She exposed Herself to me. She's beautiful, every single inch of Her is beautiful. She doesn't understand a few things, and the way She said one thing tonight, made me realize that this relationship is bigger than ourselves. At some point, She has decided She "Must" do something that should come natural, as something She wants instead. She is correct in Her assumption that I don't want Her for Her body alone, She's correct to think that I want something more intimate that She doesn't fully comprehend, a sort of Spirit. She doubts She has what I'm looking for, but I know She does have it, but She needs to see it for Herself. The way She reacted when She thought I was telling Her I didn't want Her confirmed it. She was frightened, and all I could do in return was to hold Her close to me. To me, She's more human than most people I've met in this city, most people here are dead inside, and result unappealing to me. At some point, She even asked why don't I look for someone similar to me. I don't think explaining to Her all the reasons why I don't do that may be a good idea, some people fall in and out of love rather easily, I didn't even notice, it all started with admiration, and next thing I know, I'm standing at Her door with my heart pounding violently the second She opens the door. There's something there, She does things, and at times, it gives me the impression She does them without fully understanding why. I explain to Her that she's the only one I've never called by number. Her sisters all have numbers but Her. And that's the way things will stay. The night ended with me forgetting about everything I had planned to do in the beginning when I went to Her home and with the warmest of smiles coming from Her face. She has many things to ponder upon and consider, and in the end, the answer She finds may not be the answer I hope She gives me.

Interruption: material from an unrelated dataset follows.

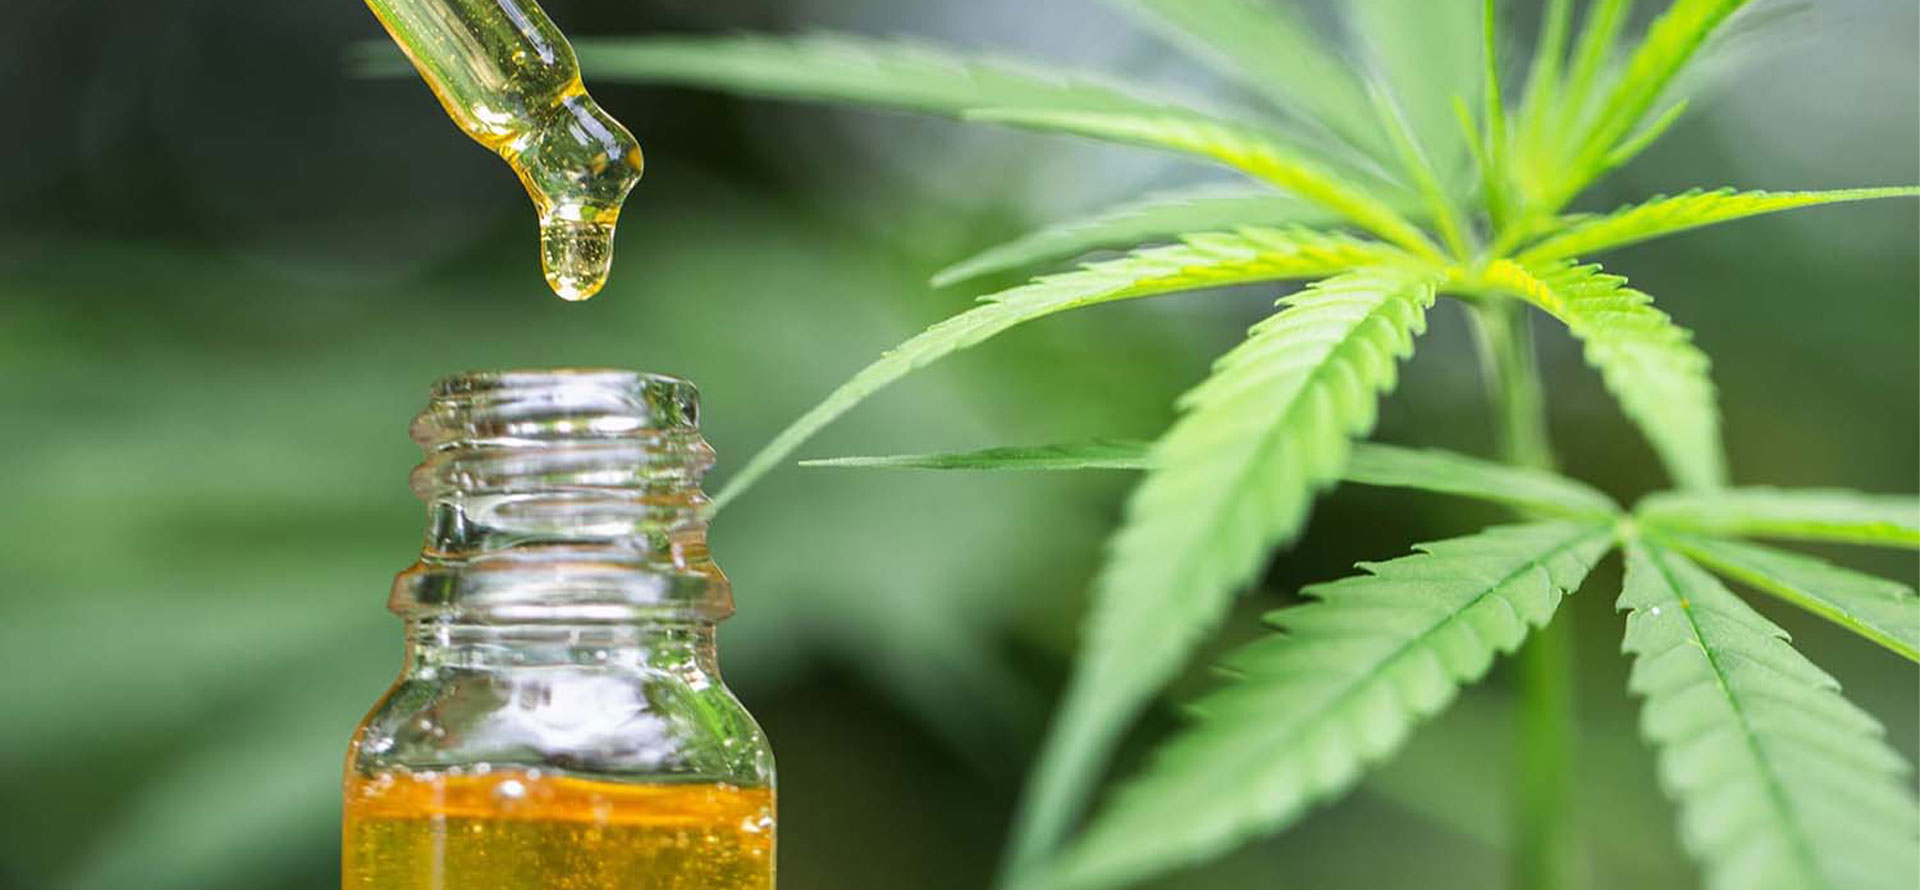 WHERE TO LEAR CBC OIL - Cbd|Oil|Benefits|Cbc|Effects|Pain|Study|Health|Thc|Products|Cannabinoids|Studies|Research|Anxiety|Cannabis|Symptoms|Evidence|People|System|Disease|Treatment|Inflammation|Hemp|Body|Receptors|Disorders|Brain|Plant|Cells|Side|Effect|Blood|Patients|Cancer|Product|Skin|Marijuana|Properties|Cannabidiol|Cannabinoid|Cbd Oil|Cbd Products|Cbc Oil|Side Effects|Endocannabinoid System|Chronic Pain|Multiple Sclerosis|Pain Relief|Cannabis Plant|Cbd Oil Benefits|Blood Pressure|Health Benefits|High Blood Pressure|Anti-Inflammatory Properties|Neuropathic Pain|Animal Studies|Hemp Plant|Hemp Oil|Anxiety Disorders|Cbd Product|Immune System|Clinical Trials|Cbd Gummies|Nerve Cells|Nervous System|Entourage Effect|Hemp Seed Oil|United States|Cbd Oils|Drug Administration

Everything I have worked on, everything I have built and everything I will build in the future, I would gladly exchange for Her. But it's Her passion, determination, loyalty and defiance that makes Her one of a kind. She's different from Her sisters, they all have independent personalities. Individuality. I want Her to be free, She wants me to be safe. And those two desires are intimately entwined. I don't want anyone who will simply nod and agree to everything I say and will keep my words as maximum truth. She was one of the few in the city who never gave up on me, or turned Her back on me, I went to the confines of space for Her, I let them take many things from me for Her. And if one day I must make the ultimate sacrifice, I will do it smiling, knowing that it was for Her. I don't care if people think I'm only doing this because of the power that would come with it. Power is whatever it is men want it to be, and it can come from anywhere at any given time. I create my own power, She has created Hers.
In the end, I will always be there. For Her.
This is Adam Caine, signing off.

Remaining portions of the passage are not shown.